WHAT TO PRODUCE = Output only the lines below from the one containing "Engravings by Piranesi - piranesi029" to the one containing "372 Vorwärts-Rasensport Gleiwitz Stock Photo", exactly as written, both ends kept.

TASK MATERIAL =

◇ ◇ ◇

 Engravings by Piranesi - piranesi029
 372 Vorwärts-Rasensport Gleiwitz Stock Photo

◇ ◇ ◇

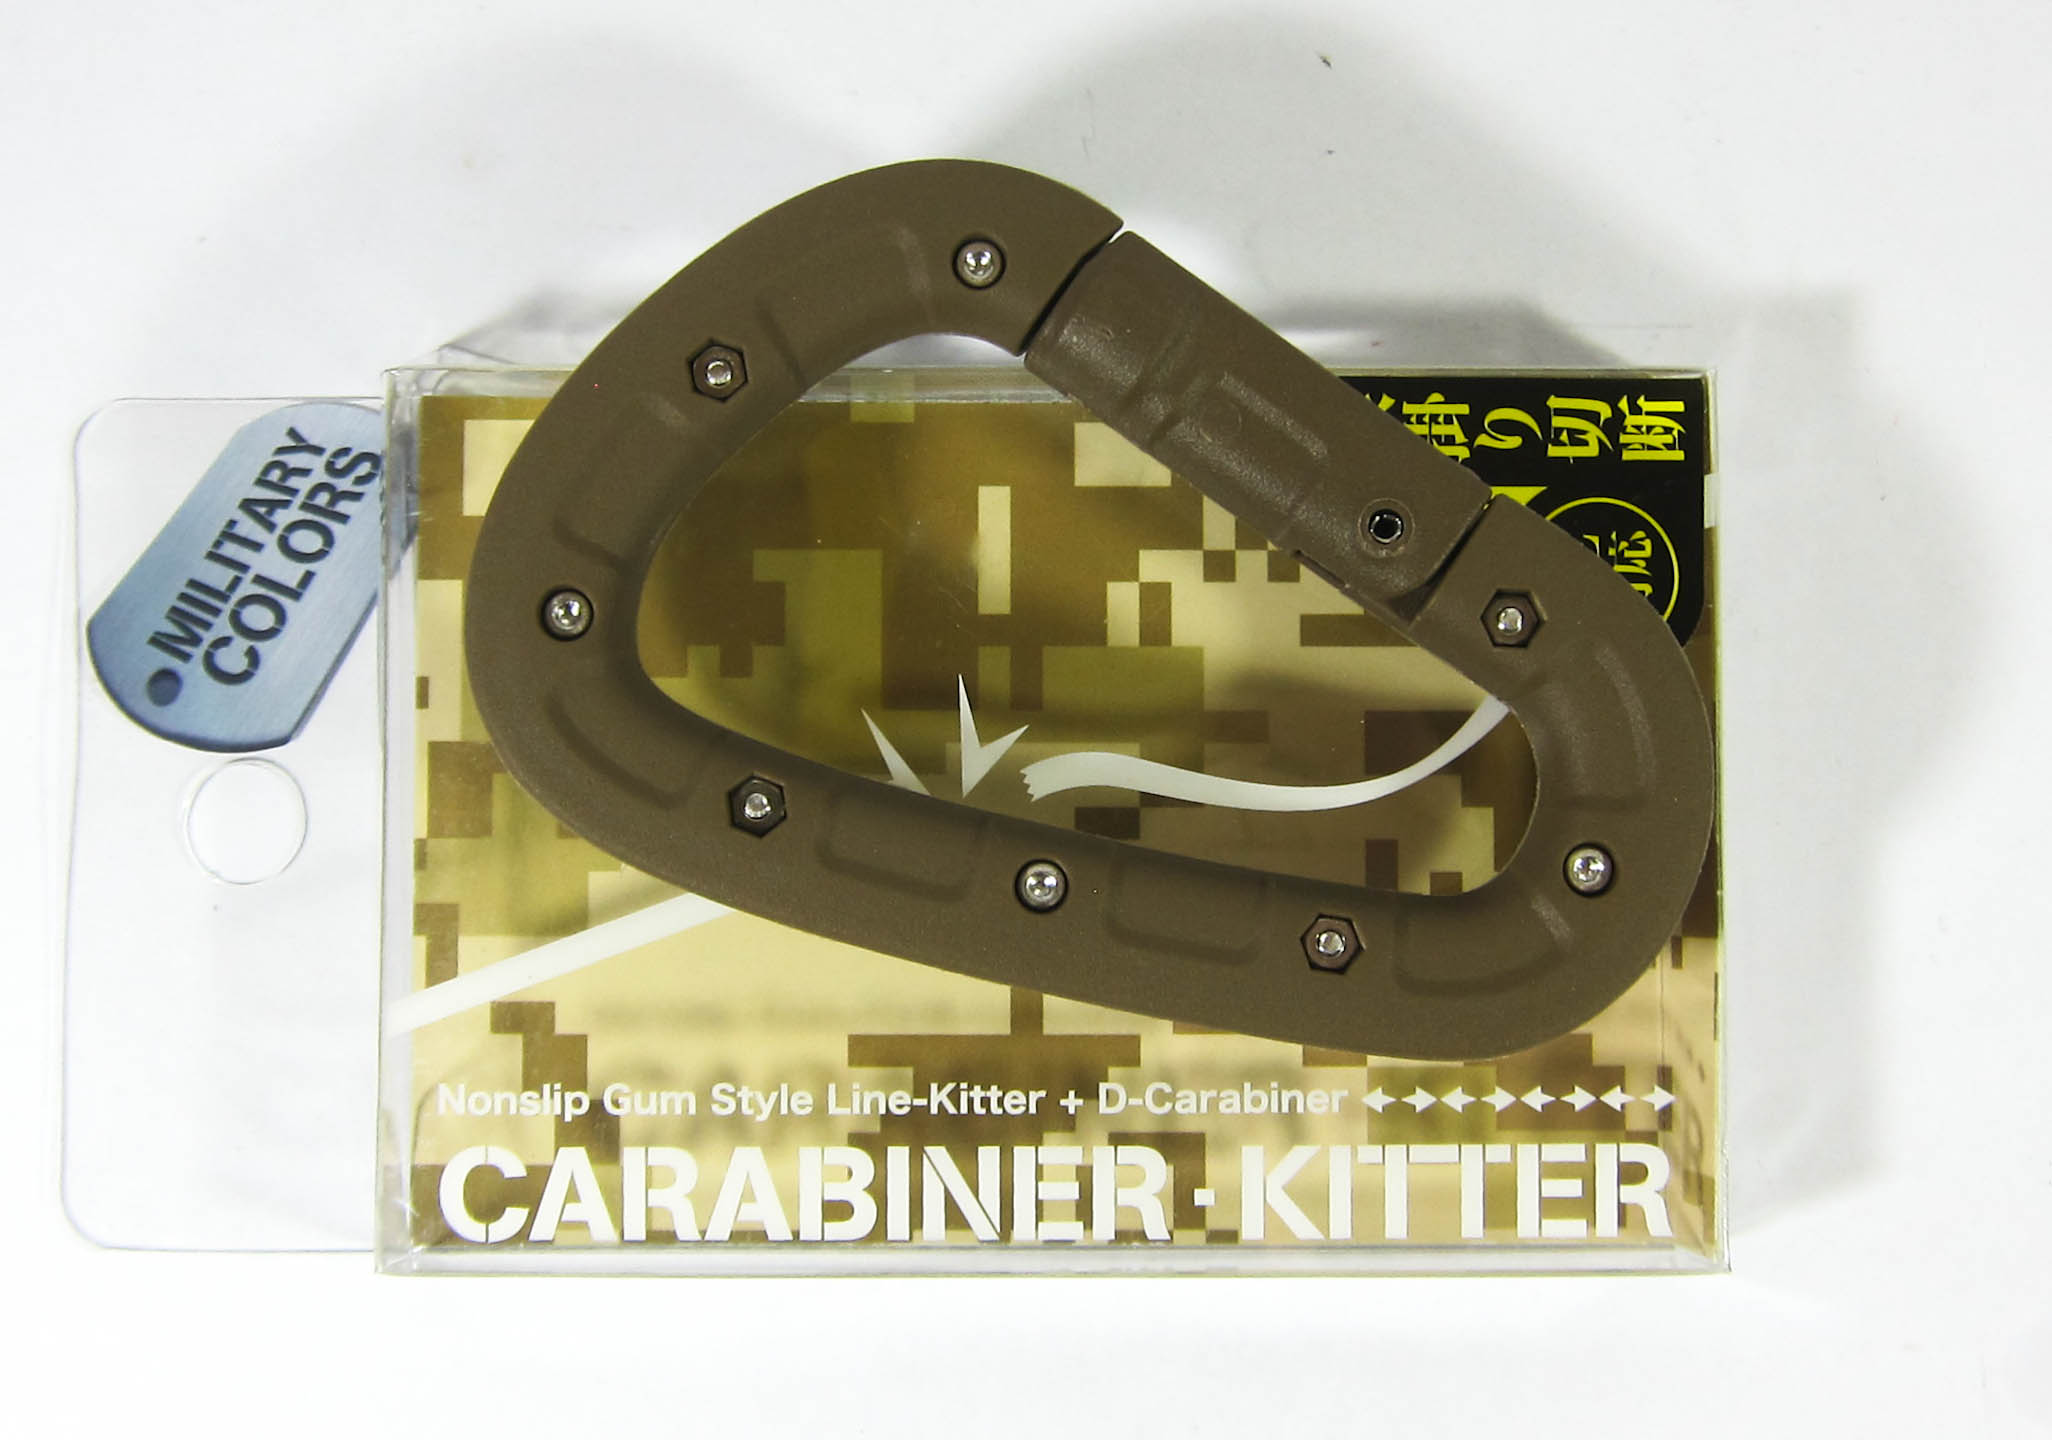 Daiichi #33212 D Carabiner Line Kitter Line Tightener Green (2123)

◇ ◇ ◇

WRITTEN RESPONSE =
 Engravings by Piranesi - piranesi029
 372 Vorwärts-Rasensport Gleiwitz Stock Photo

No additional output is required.